Friday, July 17, 2009

From the beginning: Definition and causes

Let's start with a definition:

Suicide is the act of someone deliberately taking one's own life. Suicidal behavior is any deliberate action with potentially life-threatening consequences, such as shooting oneself with intention to kill oneself, taking a drug overdose intentionally, or deliberately crashing a car in hope to not be alive anymore.

Causes:

Suicidal thoughts and behaviors often occur in response to circumstances that are perceived or realized as overwhelming and intolerable, such as:

  • Death of a loved one
  • Family member who committed suicide (almost always someone who shared a common mood disorder)
  • Emotional Trauma
  • Guilty feelings
  • Physical illness
  • Financial problems
  • Social Isolation
  • Aging

There are many other causes for suicide. It is important to realize that anyone is at risk depending on their genetics and learned psychological well being. Something that causes one person to consider suicide would not be something to cause another person to consider suicide, but anyone could have something that could cause them to consider ending their life!

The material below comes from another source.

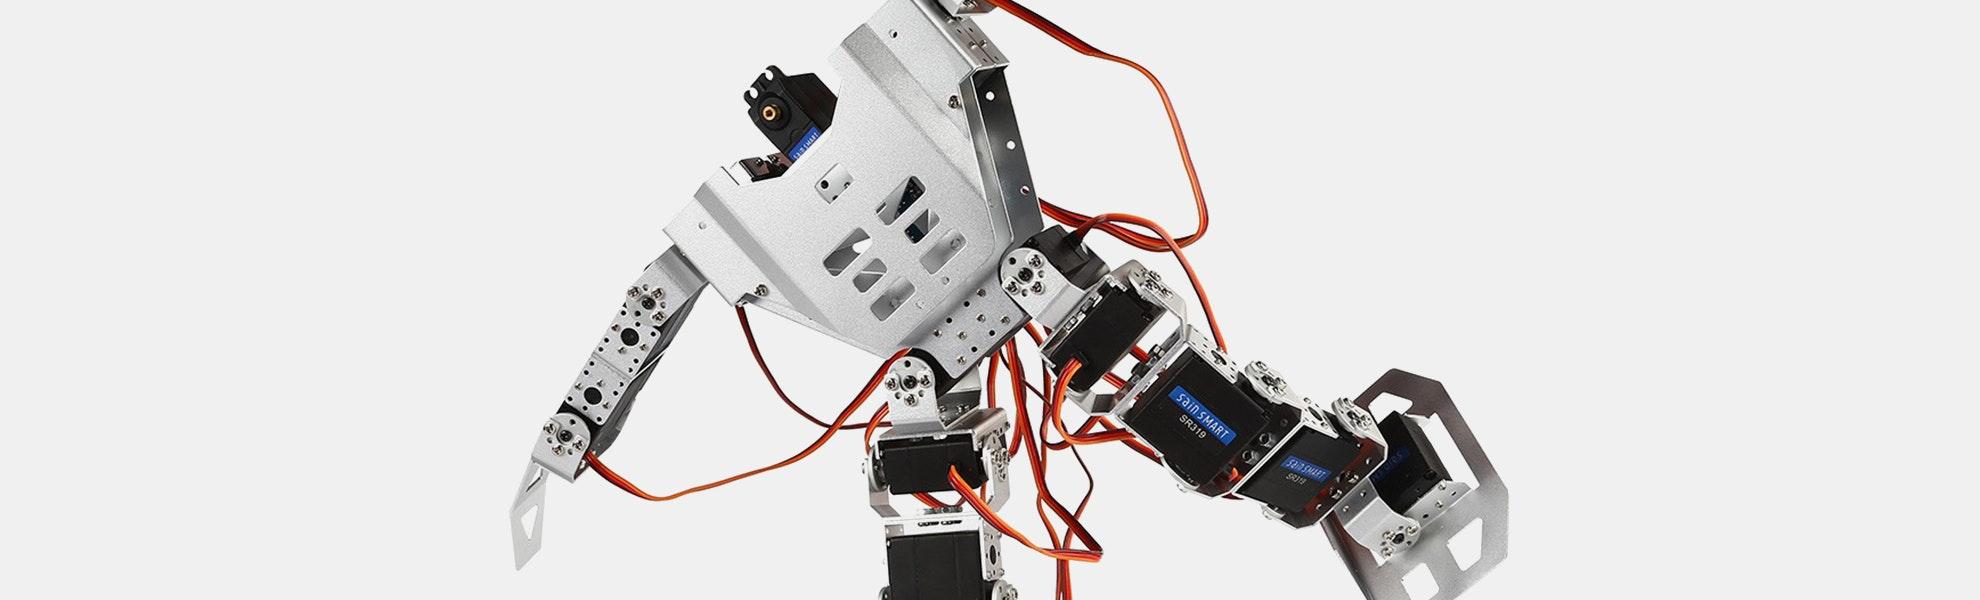 17DOF Biped Robotics Humanoid Robot Bundle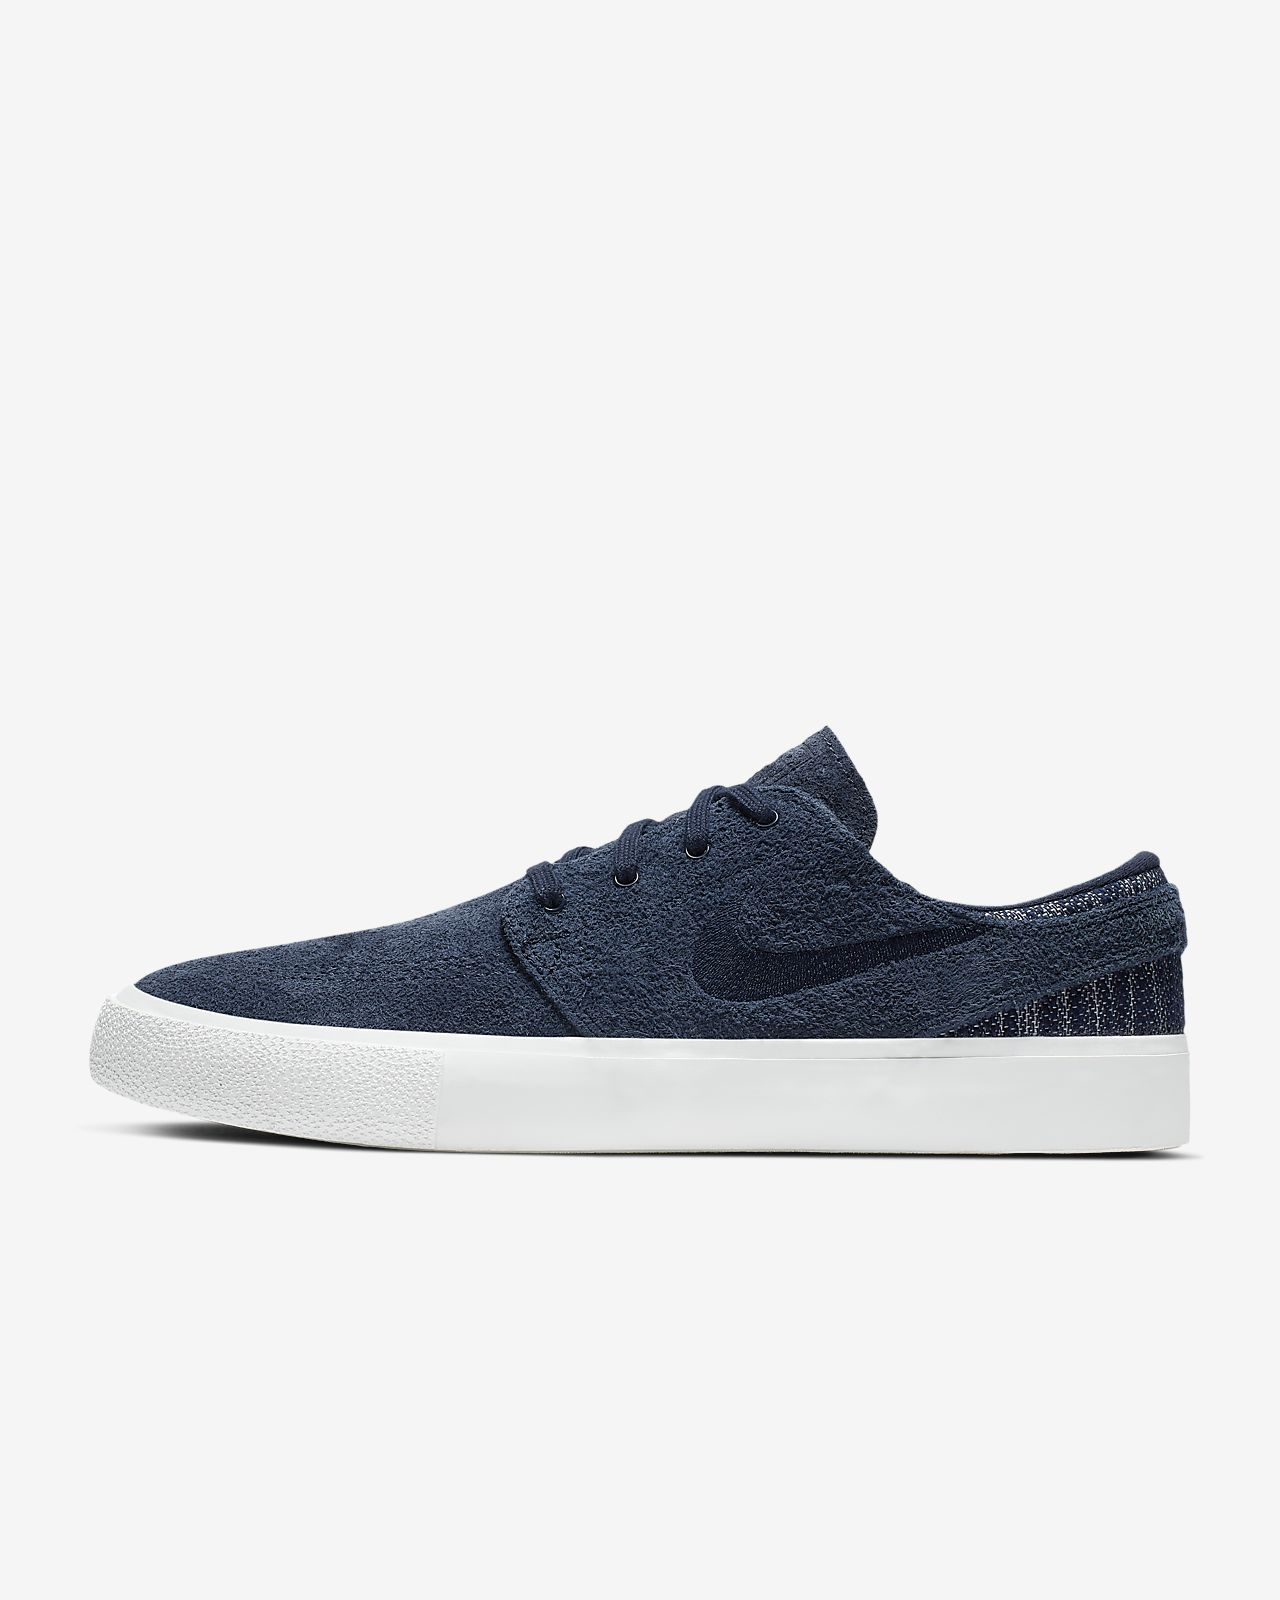 Nike SB Zoom Janoski RM PRM男/女滑板鞋

Does the cause is different for everyone who considers suicide...it is most important to know how to recognize warning signs or indications of suicidal thought and what to do...!

1 comment:

  1. At a training recently, the topic of assisted suicide came up during a conversation about suicide. The facilitator had a "pearl" of wisdom for the group when discussing suicide vs. "assisted suicide" (or euthenasia:
    Euthenasia is the ending of a death process....while Suicide is the ending of a life process. Very cool way to differentiate the two.